Photo: Laurentia Genske
The whisky world has been chattering like mad about designer and researcher James Gilpin's student project -- showcased at London's Royal College of Art's Show 2010, Design Interactions -- which turns the sugar-rich urine of diabetics into a high-end single malt whisky.
The inspiration for Gilpin Family Whisky came from his own life as a type 1 diabetic. His type 2 diabetic grandmother was his first candidate. His project states, "Old people's urine becomes an exportable whisky of high economic value." Large amounts of sugar are excreted on a daily basis by type 2 diabetic patients, especially among older people, and Gilpin thinks we should consider using that sugar creatively.
Gilpin cleans the urine using water purification techniques, separating out the sugar.

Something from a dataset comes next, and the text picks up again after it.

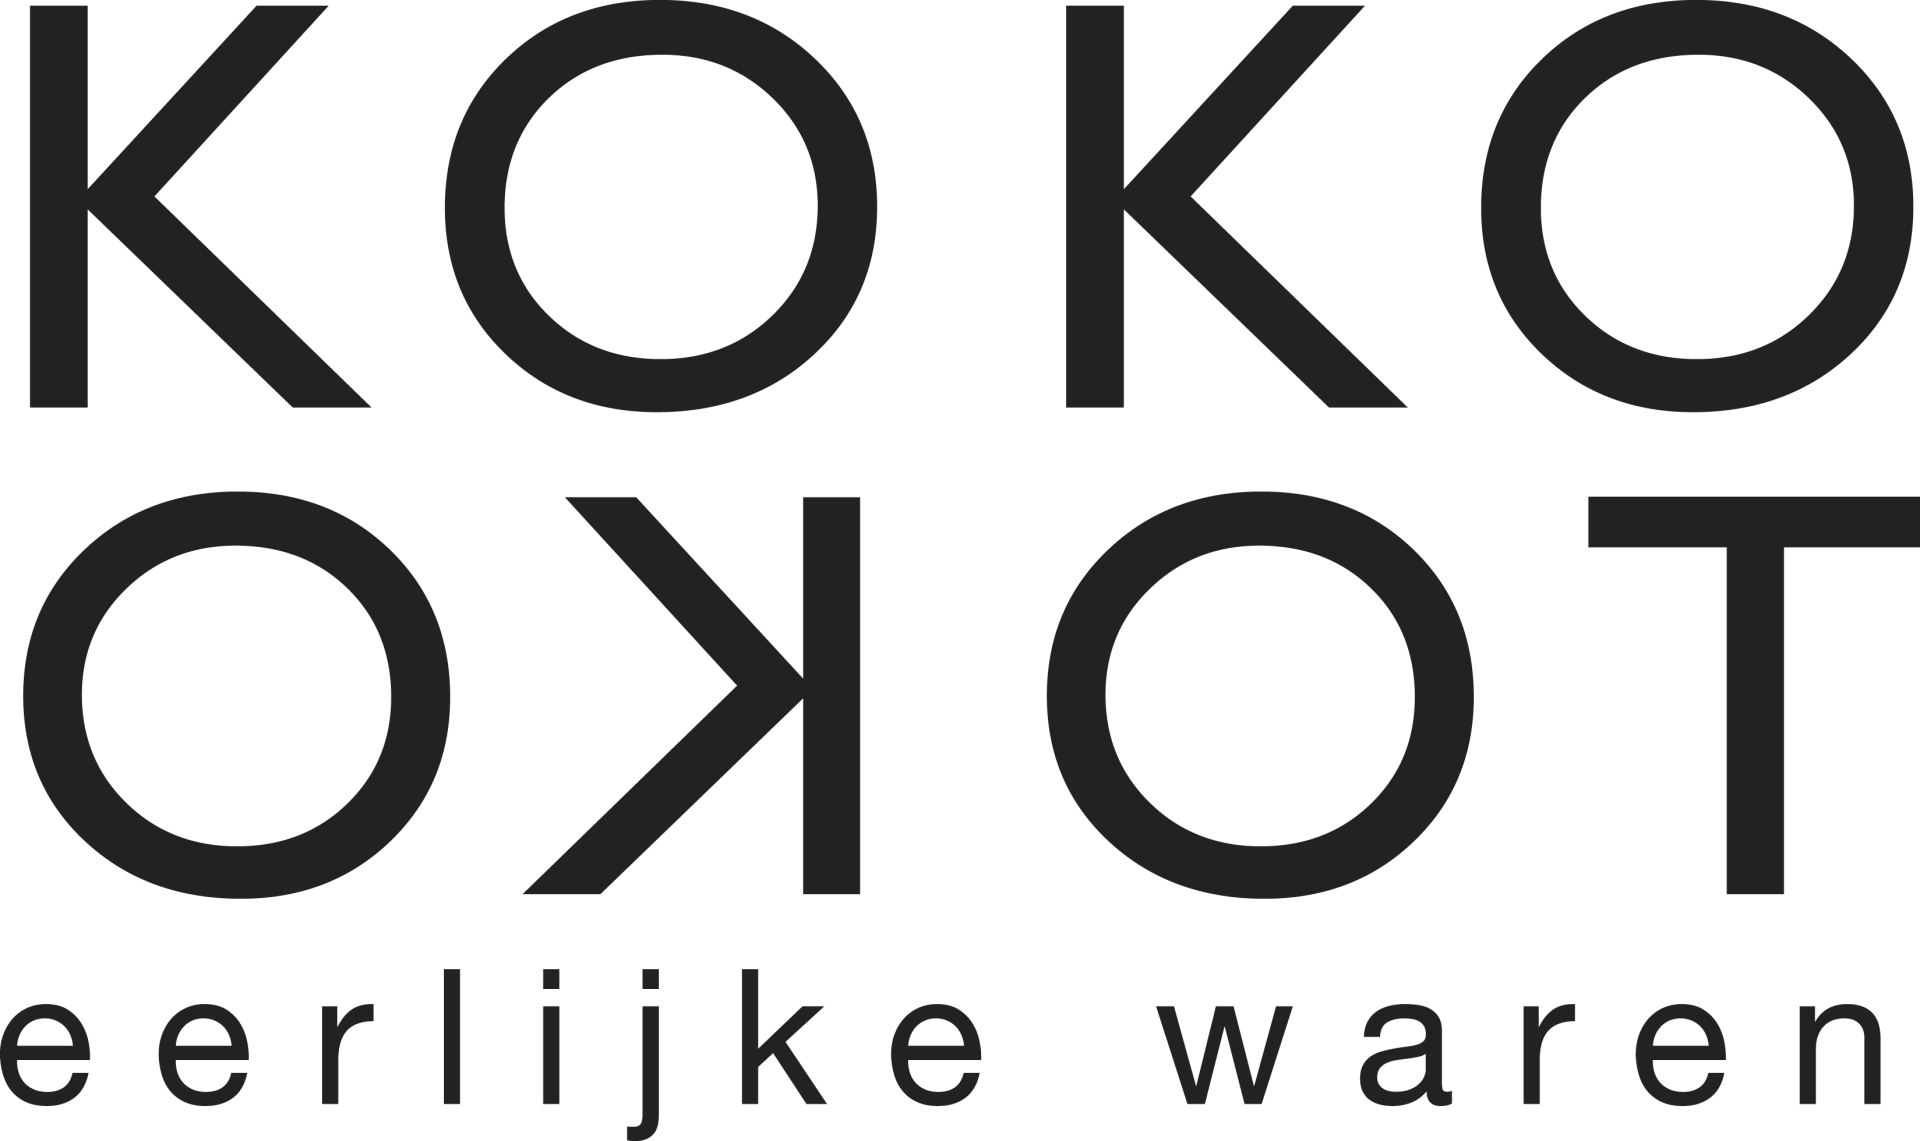 KOKO-logo-plus-underline-STAND-ALONE.png
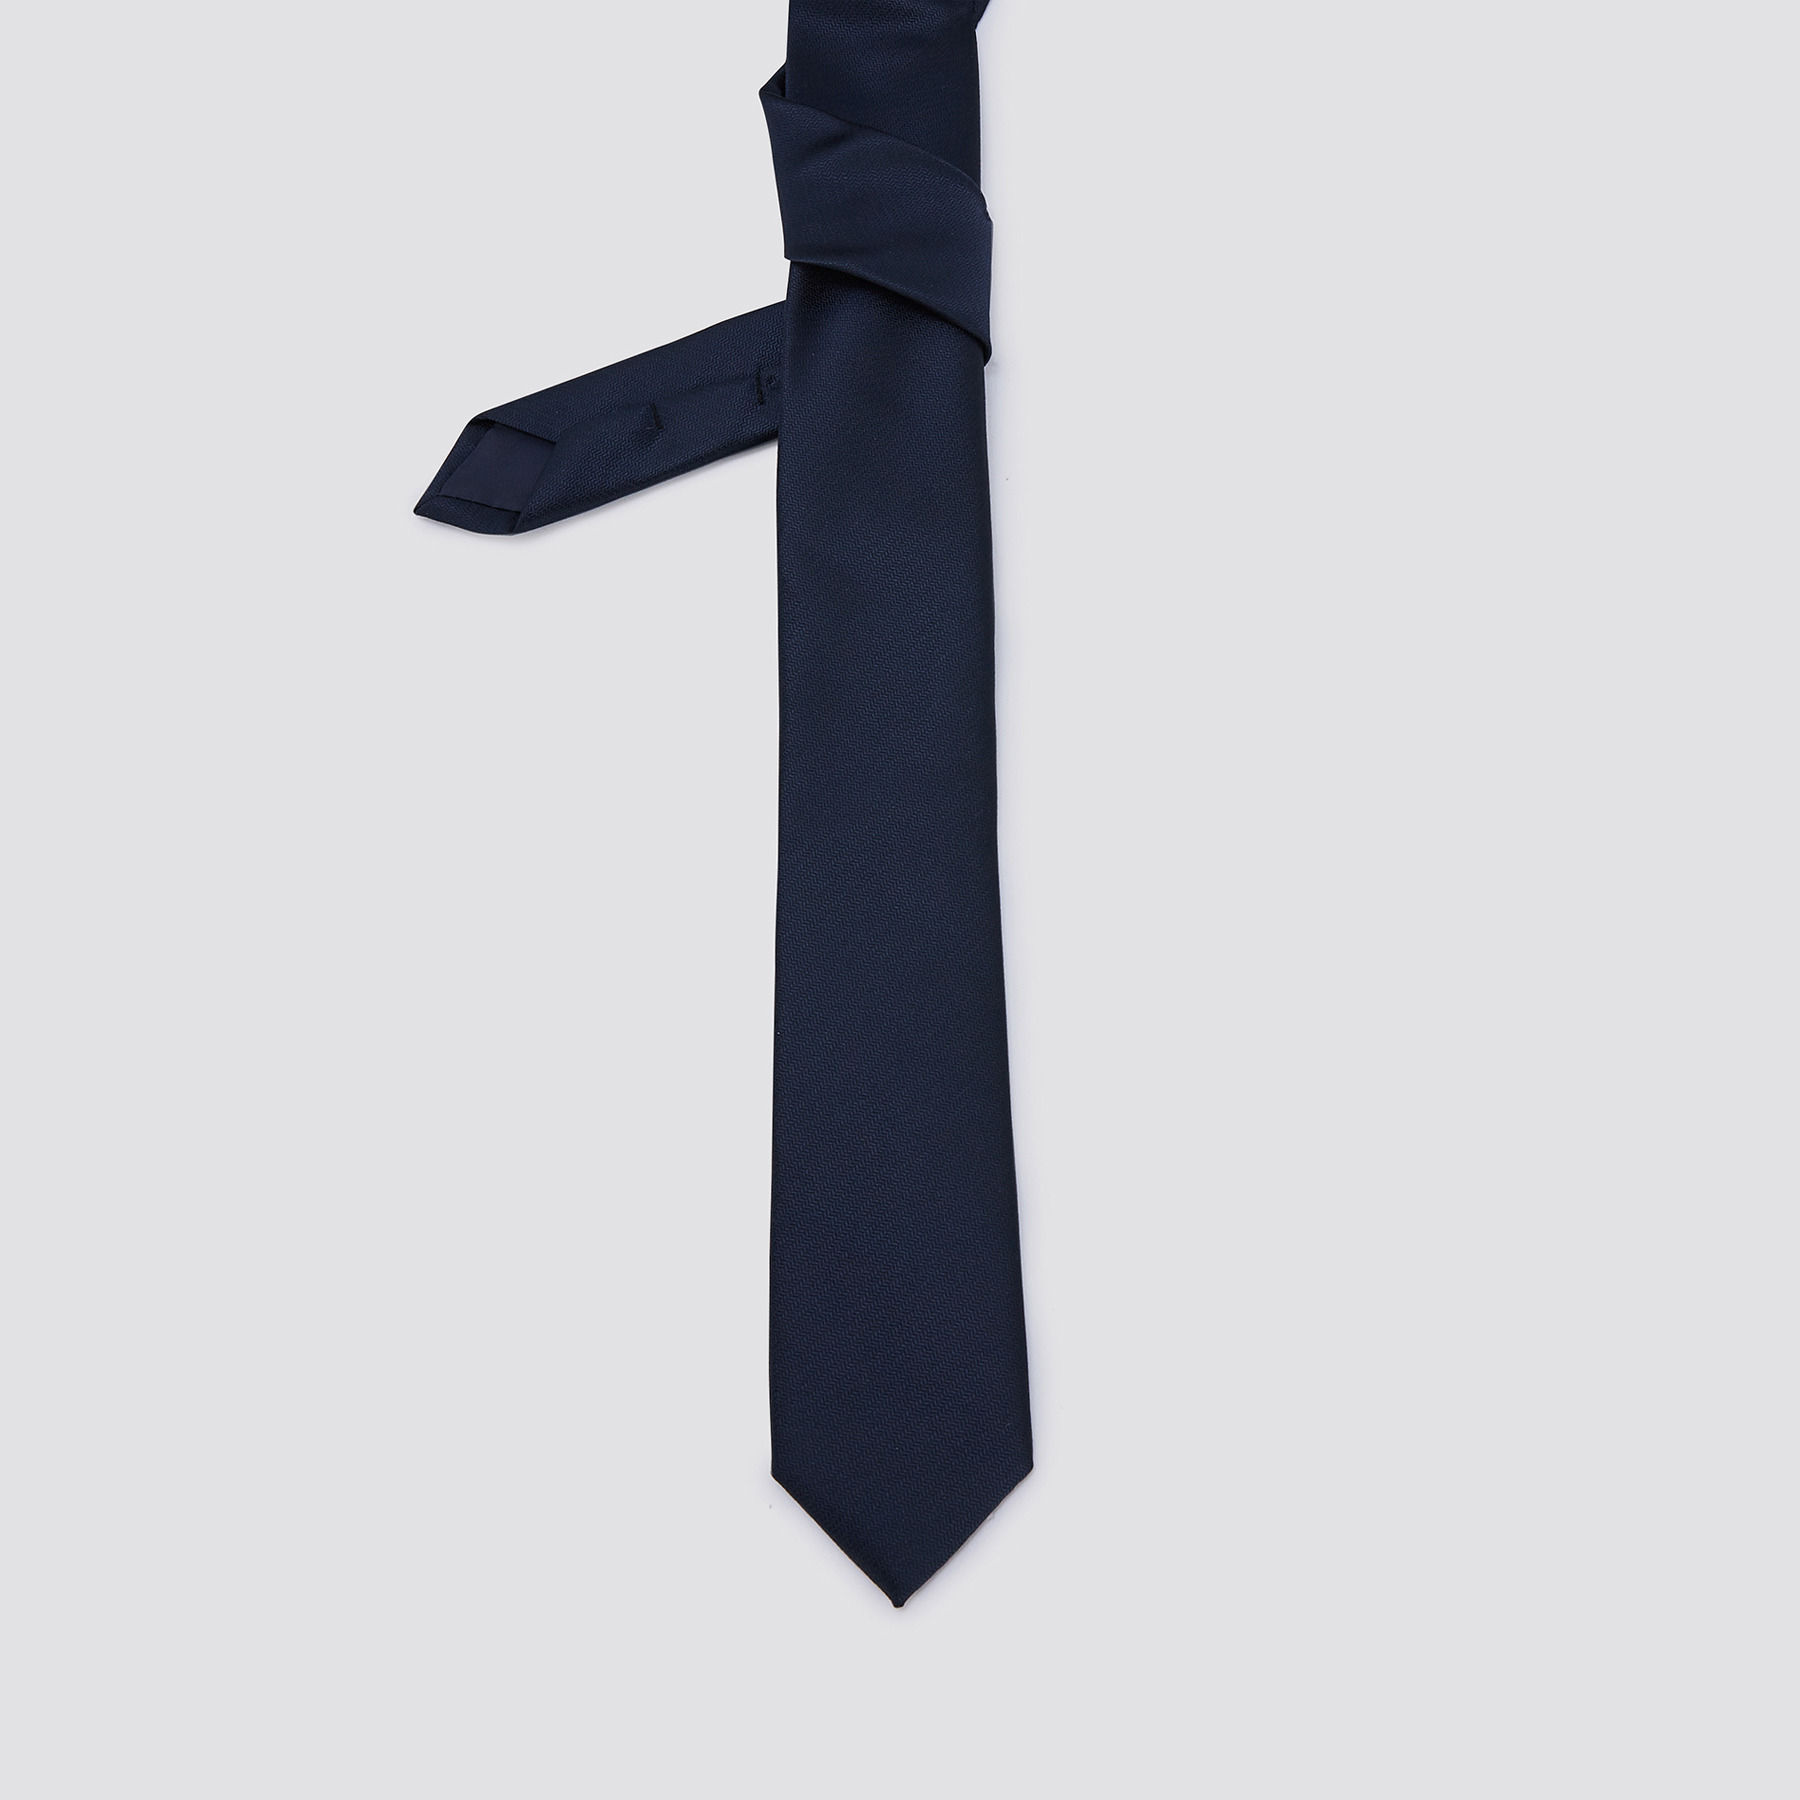 Cravate fine unie Bleu T.U. 100% Polyester Homme

This sugar is added to a cooked grain mixture where it accelerates the fermentation process. (Yeast eats sugar, and alcohol is the byproduct.) He distills a clear whisky, then adds other whisky blends for color and taste. During the design show, he had whiskey available for tasting.
Don't worry, this isn't a commercial venture -- it's strictly an exhibit intended to spark debate and serve as an educational tool. Gilpin's next showing is September 23 to 26 at a London show called 100% materials and at the AND (Abandon Normal Devices) festival in Manchester October 1 to 7.